Annotations in JUnit
Annotations are like meta-tags that you can add to you code and apply them to methods or in class. These annotation in JUnit gives us information about test methods , which methods are going to run before & after test methods, which methods run before & after all the methods, which methods or class will be ignore during execution, which methods are suspected to throw exception etc.
Annotation are added in JUnit 4 version & you can found it in all the releases after this version. Annotations reduces coding & extra burden from tester. The annotations in JUnit are predefined and need not to define, you can implement it directly. Also you can have your own defined annotations in class. But for testing , annotations are predefined in JUnit.

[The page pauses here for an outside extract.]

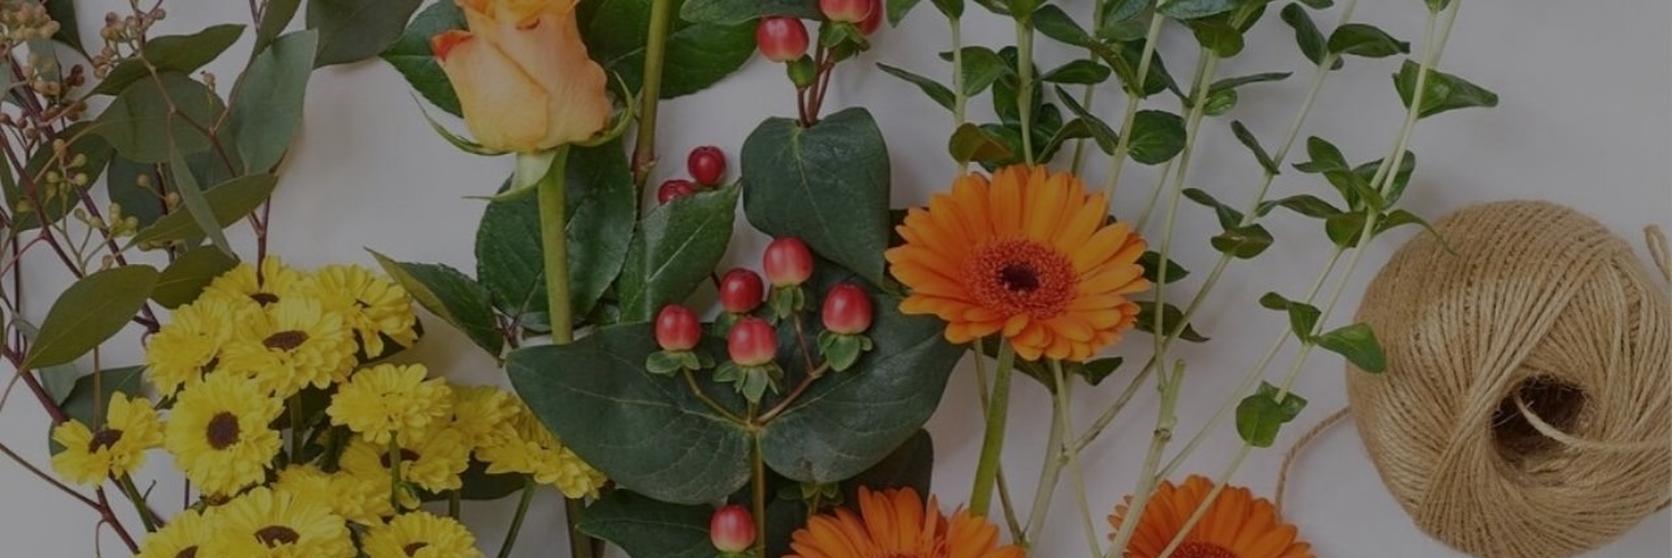 Fall-for-autumn-colours-2-1

Given below list of annotations and their meaning in JUnit :
Annotation | Description |
@Test |
The Test annotation tells JUnit that the public void method to which it is attached can be run as a test case. |
@Before |
Several tests need similar objects created before they can run. Annotating a public void method with @Before causes that method to be run before each Test method. |
@After |
If you allocate external resources in a Before method you need to release them after the test runs. Annotating a public void method with @After causes that method to be run after the Test method. |
@BeforeClass |
Annotating a public static void method with @BeforeClass causes it to be run once before any of the test methods in the class. This can be used to perform computationally expensive setup (like logging into a database). |
@AfterClass |
Will perform the method after all tests have finished. This can be used to perform clean-up activities for example be used to disconnect to a database |
@Ignore |
Sometimes you want to temporarily disable a test or a group of tests. Methods annotated with Test that are also annotated with @Ignore will not be executed as tests. Also, you can annotate a class containing test methods with @Ignore and none of the containing tests will be executed. |
Example
In the given below example, we will test a method Add() using another test class. You will notice that @ Test annotation is applied to testAdd() method which is used for testing Add() method of Addition class.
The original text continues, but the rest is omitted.